Francis Dupont writes:
> => I don't buy this argument because it implies there is a known NAT
> on the path. In this case any address which cannot be the address
> seen by the other peer does the job.

Yes, the other end will know there is nat between, but he does not
know which address is actually used by the host behind NAT. Some
IT-adminstrators want to keep the internal addresses hidden.

The example case is when someone is using host behind corporate
firewall which also does the NAT for all the addresses, and connects
to some known service in the external net (say www.cnn.com). The
IT-adminstrator does not want to give out the information about the
internal ip-address, to this external machine. They might not want to
give out information that this connection is coming from the same host
than the previous connection few days earlier (i.e privacy issues).

If the ip-address is public or if there is no randomness in it
(spi/cookie/nonce or similar) then the other end (www.cnn.com) can
track the users behind the corporate firewall because their internal
ip-addresses are typically static.

> Same for the port (even I can't find a reason to keep the port
> secret).

For source ports there is no need to keep it secret, and in most cases
it will be always same. If the users want to have better privacy
protection, they can always use random source port to make the brute
force attack harder.

The attacker can do brute force attack against hash. I.e take the
other stuff and try all possible ip-addresses.

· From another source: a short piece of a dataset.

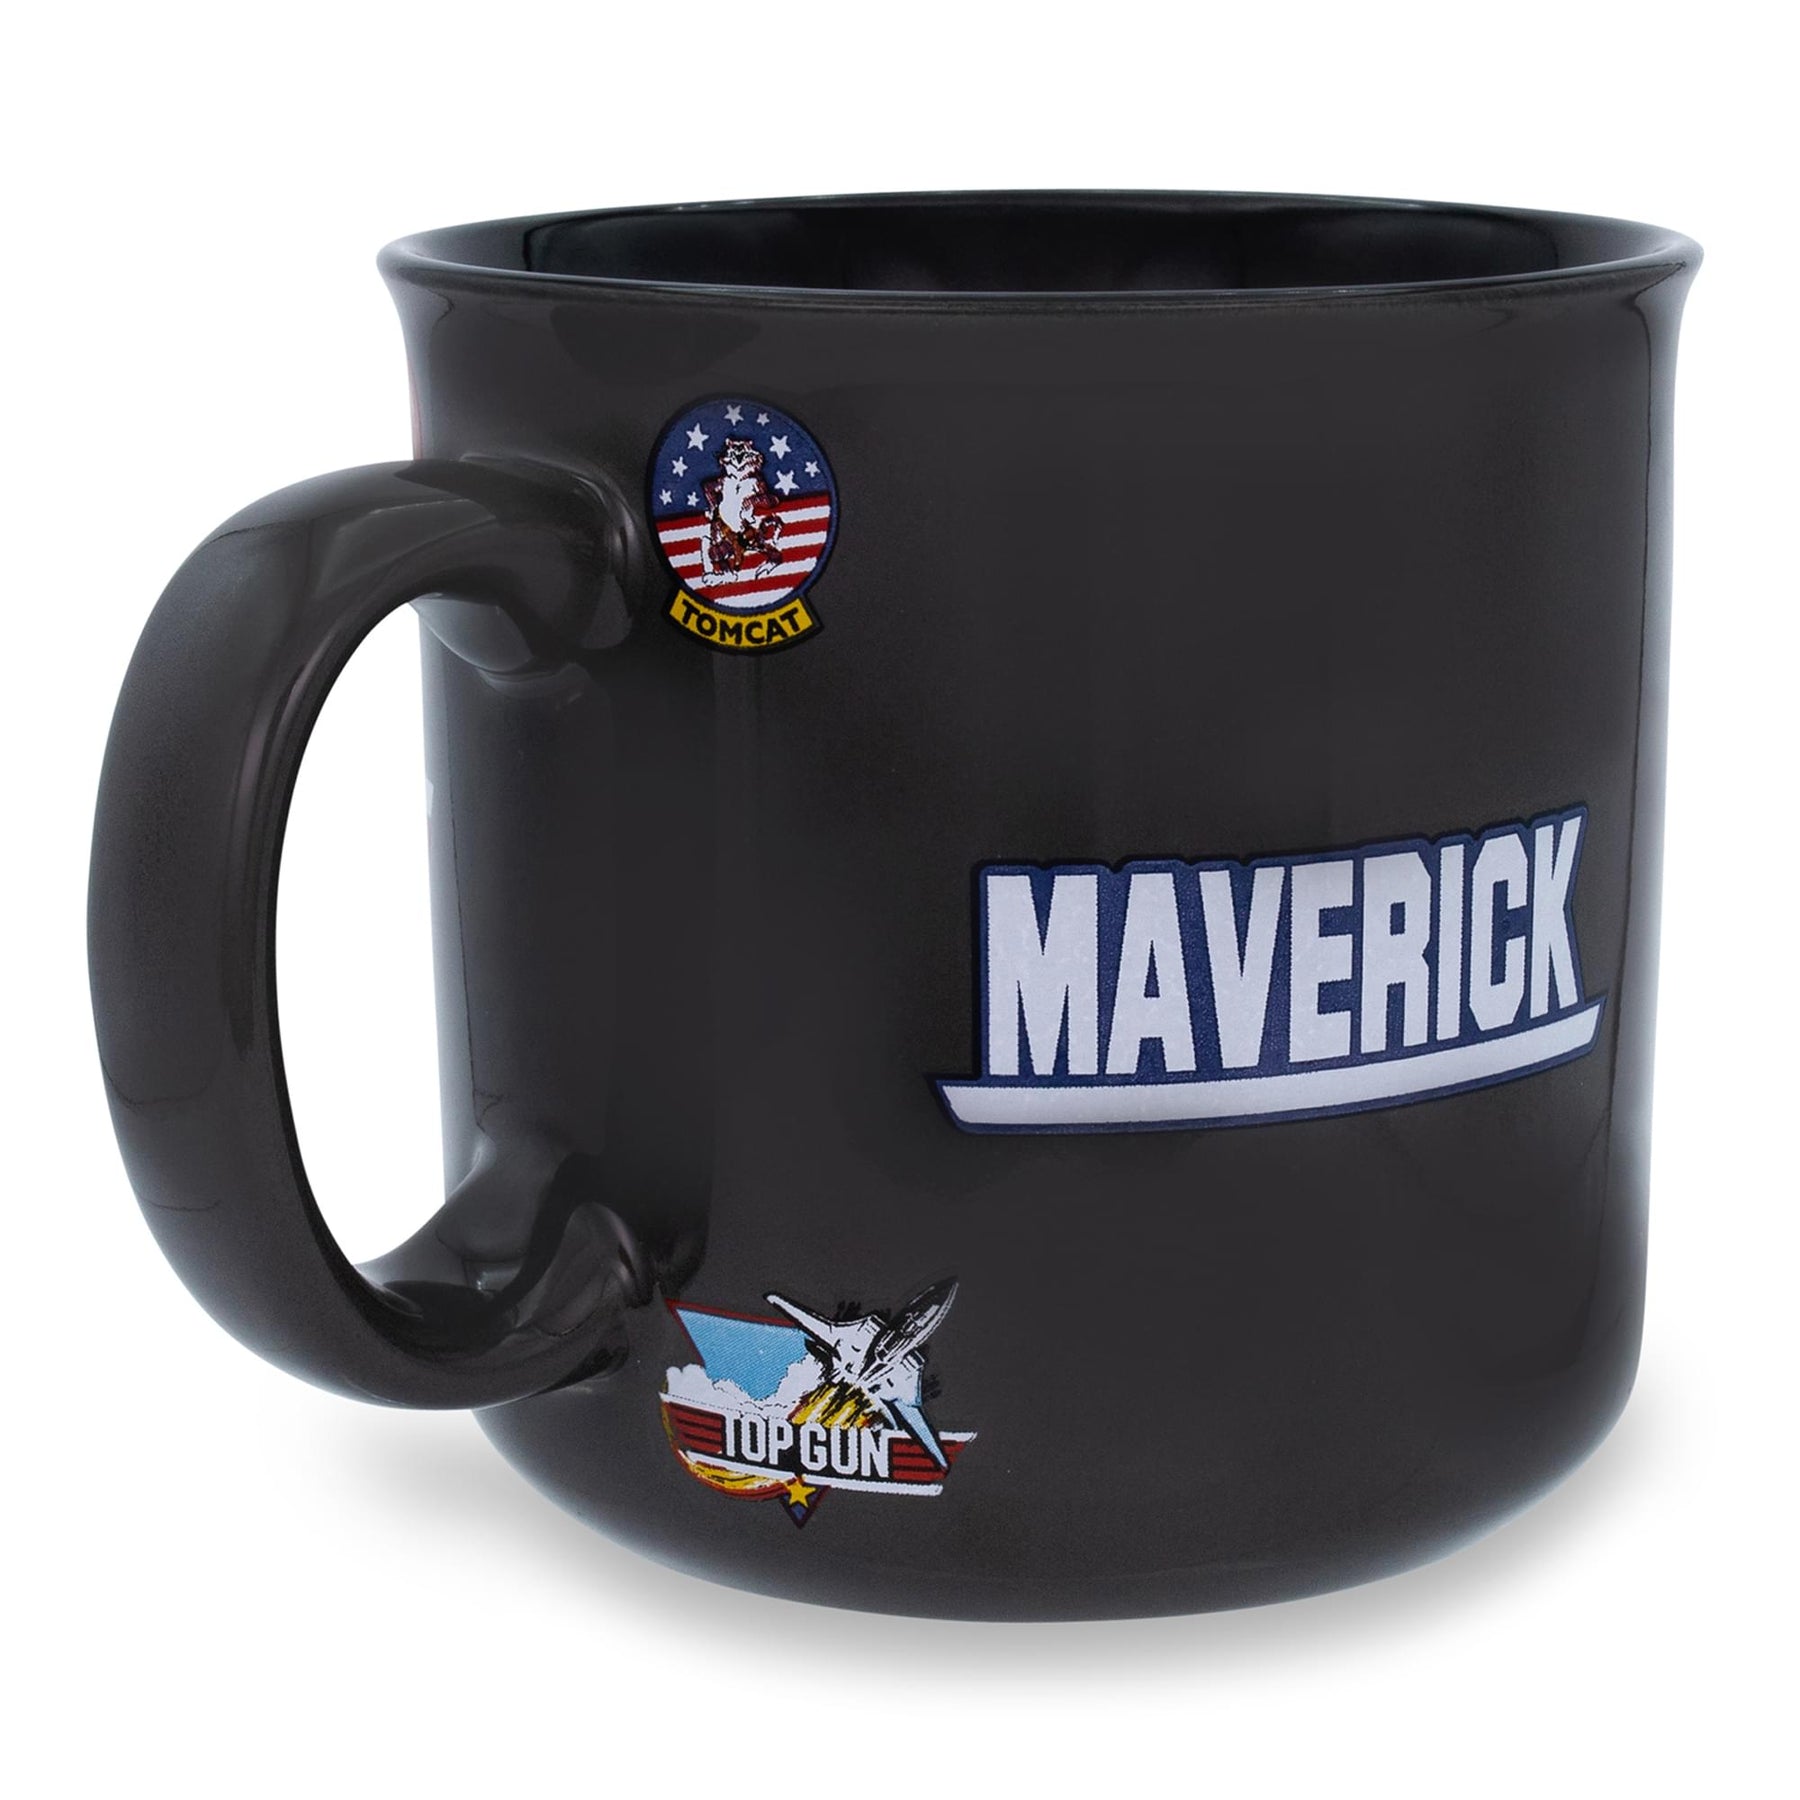 MuzeMerch - Top Gun Need For Speed USS Midway Mug

As the ip-address space
is usually quite small for ipv4 addresses (10.0.0.0/8, 172.16.0.0/12,
192.168.0.0/16 == 17891328 hosts) the attacker can break the hash, but
it requires active expensive attack against each hash separately.

The hashing does not help for attacker who has enough computing power,
but it does make passive tracking of users impossible.

>    In the IKEv1 they were always included if the support for NAT-T was
>    detected by vendor-IDs, in IKEv2 I would say we MUST always include
>    them. 
> => I don't know if we can reach a consensus about this in an IPv6
> context (where there should be no NATs :-)...

True, but I think that making the protocol simplier has more value
than the cost caused by extra hash in the packet. And I do not know
what all kind of 6to4 etc conversions will do for the packets, and I
think they will be detected as NATs so having them in the ipv6 space
also would help in those cases. I do not know enough about those
issues to be sure. 

> => the purpose of the RR check is mainly operational according
> to Jayant Shukla. There are other cases where an RR check improves
> a bit the security, as it is cheap IMHO we should keep a way to
> perform it.

As the IKEv2 peer can always send empty notification to other end
assume to get reply back, there is always a way to do it. I.e we do
not need to specify anything for it, it is simply a implementation
issue (i.e implementation might want to do it, or it might not do it).
It does not affect interoperability. 

>    Note, that the attacker needs to continue attacking before he can gain
>    anything. If he only modifies one packet the correct address will be
>    updated back when the next packet is sent. I.e for the attacker to
>    cause denial of service attack he needs to along the path and modify
>    every single packet going on one direction.
>    
> => no, you forgot the reverse way (the other SA of the pair) which
> is updated too.

True, but it is updated back immediately when the first non-modified
packet is left through to the other end. Also usually if the attacker
can modify/remove packets in one direction he can modify/remove
packets in the other direction too. 

> => your argument assumes the routing is symmetrical. If it is not
> an attacker on one path can mess the reverse path.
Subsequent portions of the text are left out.